The one area where the data diverges is physical size. Both cards share the same 120mm height, but the Gigabyte Eagle OC is 208mm long versus 197mm for the MSI Ventus 2X OC — an 11mm difference. While neither card is particularly large in absolute terms, that gap can be meaningful in compact or mid-tower cases with restricted GPU clearance.

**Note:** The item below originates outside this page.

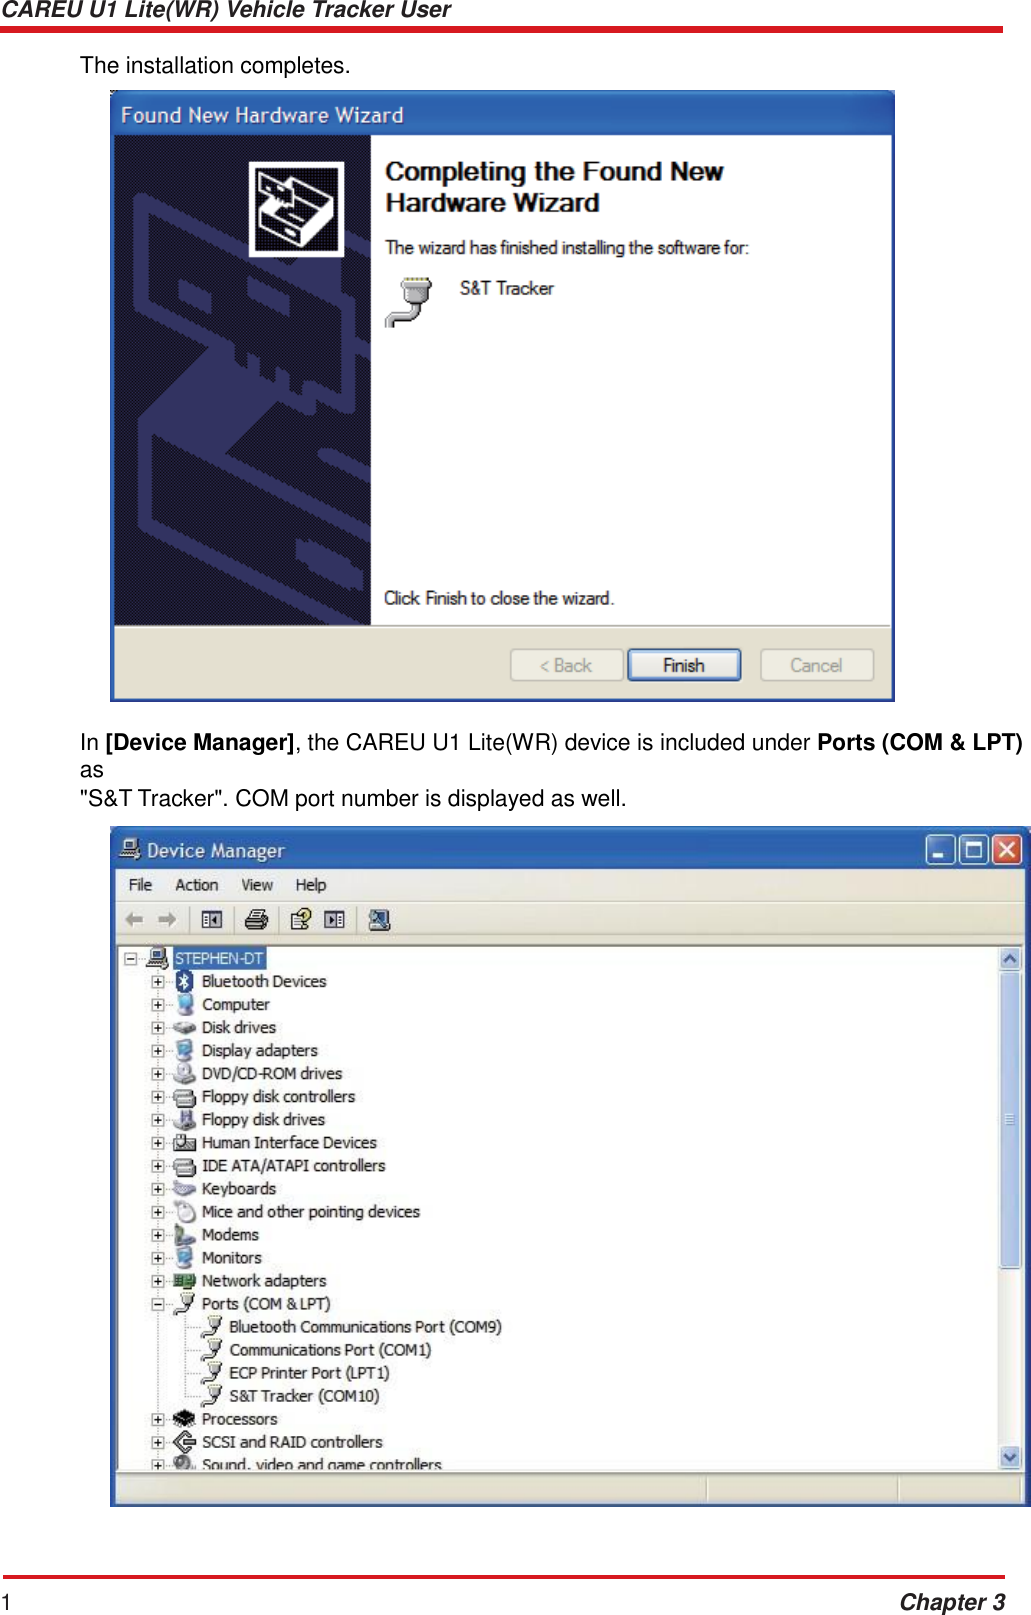 CAREU U1 Lite(WR) Vehicle Tracker User Guide 12 Chapter 3    The installation completes.    In [Device Manager], the CAREU U1 Lite(WR) device is included under Ports (COM &amp; LPT) as &quot;S&amp;T Tracker&quot;. COM port number is displayed as well.

The shorter Ventus 2X OC offers a modest but real advantage in tight builds, while the Eagle OC may require a quick clearance check before purchase.

Shared TDP means both cards will draw the same power from the system and generate the same amount of heat at the silicon level — so the difference in physical length is purely about cooler design and chassis compatibility, not thermal output. Overall, the MSI Ventus 2X OC holds a minor edge in this group for its more compact footprint, which could be the deciding factor for small form factor builders, while all other general specifications are a complete tie.

Comparison Summary & Verdict

Taken as a whole, the Gigabyte GeForce RTX 5060 Eagle OC and the MSI GeForce RTX 5060 Ventus 2X OC are remarkably well-matched cards, sharing the same Blackwell architecture, 8GB GDDR7 memory on a 128-bit bus, a 145W TDP, and an identical suite of ports and features including ray tracing and DLSS support. The performance gap between them is narrow but consistent: the Eagle OC leads with a GPU turbo clock of 2550 MHz versus 2527 MHz, a floating-point output of 19.58 TFLOPS versus 19.41 TFLOPS, and a slightly higher pixel and texture rate. The trade-off is size — the Eagle OC is 208 mm wide compared to the more compact 197 mm of the Ventus 2X OC. Enthusiasts chasing every last drop of clock speed will appreciate the Eagle OC, while builders working within tighter case constraints will find the Ventus 2X OC a smarter, equally capable alternative.

Gigabyte GeForce RTX 5060 Eagle OC
Buy Gigabyte GeForce RTX 5060 Eagle OC if...

Buy the Gigabyte GeForce RTX 5060 Eagle OC if you want the highest turbo clock speed and floating-point performance between these two cards, and your case can comfortably fit its 208 mm width.

MSI GeForce RTX 5060 Ventus 2X OC
Buy MSI GeForce RTX 5060 Ventus 2X OC if...

Buy the MSI GeForce RTX 5060 Ventus 2X OC if you are working with a compact build that benefits from its smaller 197 mm width, and you are happy accepting near-identical performance to the Eagle OC.